All-of-the-above approach needed for U.S. to achieve energy security
Small, independent energy producers supply 82 percent of American natural gas, and an estimated 1.8 million Americans work for the oil and gas industry, not to mention another 4 million workers indirectly tied to the industry. The Obama spending plan would eliminate 12 tax incentives for oil and gas development and production, which would increase costs by an estimated $80 billion. The president also proposes scaling back the Strategic Petroleum Reserve, a move that seems to contradict the goal of energy security. Further, he continues to shut out resource-rich public lands, such as ANWR, to oil and gas exploration. Since this president and Congress refuse to use this land to promote our energy independence, I recently reintroduced my bill from last term that will return ANWR to the state of Alaska so that it may make wise use of the resources at its disposal.
America also has more than 250 billion tons of recoverable coal reserves. This is the equivalent of 800 billion barrels of oil, or more than three times Saudi Arabia’s proven oil reserves. We should be researching for ways to make this energy source cleaner and more efficient. The president’s spending proposal, however, zeroes out funding for the Clean Coal Project Initiative, and rather focuses all coal research on carbon capture and sequestration (CCS). CCS technologies are promising, but in hearings in the Science and Technology Committee, we learned that scalable demonstration of these technologies remains a long way off. We need to make the coal we’re burning now cleaner and more efficient, so we can take advantage of our vast supplies, but the president’s budget ignores such near-term energy security needs.
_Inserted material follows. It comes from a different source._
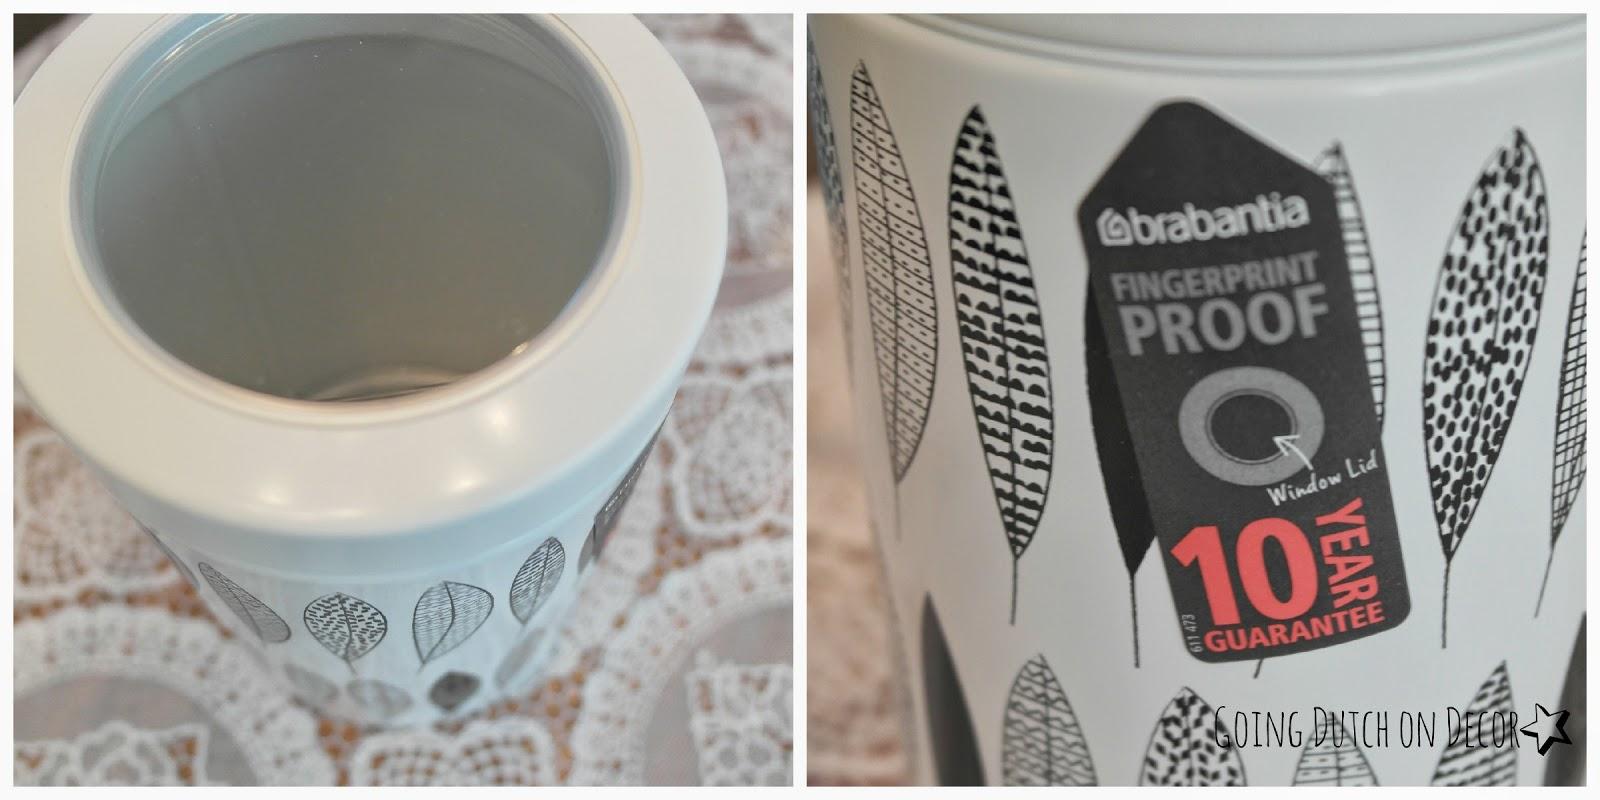 vensterdeksel Brabantia fingerprint proof vingerafdruk

The administration also proposes to cut all funding for natural gas research, including the Ultra-deep Program, which I helped pass several years ago. The program is designed to develop technologies to drill in ultra-deep areas of the Gulf of Mexico and unconventional onshore regions. The strongest supporters of the program are universities and small independent producers — not big oil. It has demonstrated its value by helping to drive discovery of numerous shale plays, pushing natural gas reserves to record levels. And the best part is the program pays for itself through funding from royalty revenues.
Finally, the president’s budget continues to assume that cap-and-trade legislation will overcome significant hurdles to become law. National polls show that only around 30 percent of Americans currently support a cap-and-trade policy in the U.S. My constituents, like many Americans, understand that the proposal to ration energy through an arbitrary price on carbon is inherently a tax on energy that will push manufacturing jobs overseas and ultimately raise energy costs for all Americans.
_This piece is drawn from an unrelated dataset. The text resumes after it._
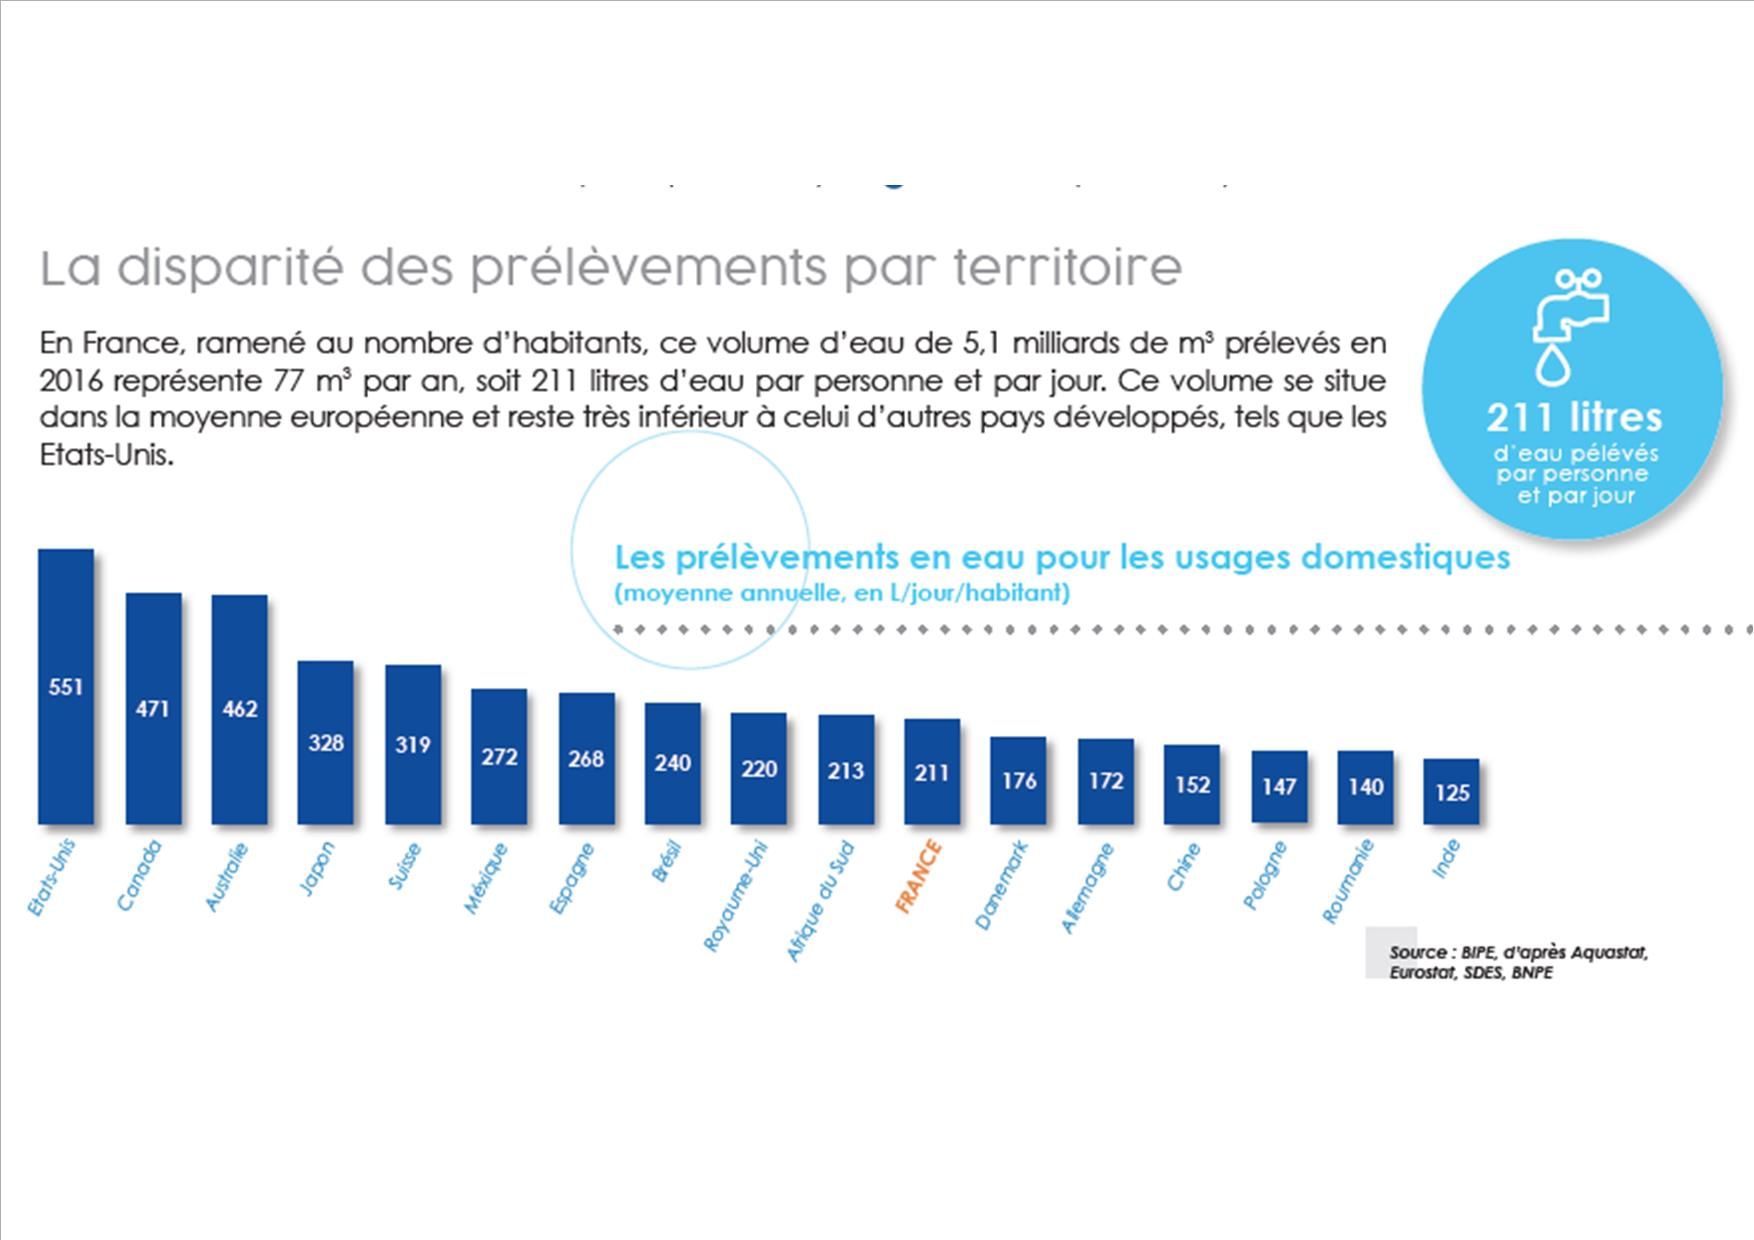 211 litres d'eau prélevés par personne et par jour en France

The one bright spot in the president’s energy budget is a renewed commitment to advancing safe, reliable, clean, and affordable nuclear energy, but the abrupt termination of Yucca Mountain as a nuclear storage site raises many questions about how we will deal with nuclear waste.
We need an all-of-the-above, common-sense approach to energy that encourages research and development and alternative forms of energy, while recognizing and allowing for the continued contributions and importance of traditional energy sources. In multiple speeches over recent weeks, the president and his team have charged that Republicans are not offering up solutions to the nation’s problems. When it comes to energy security, our solution couldn’t be clearer: all of the above! If the president would join us in this effort, he would be one step closer to meeting his goal of energy independence.
Hall is the ranking member of the House Science and Technology Committee.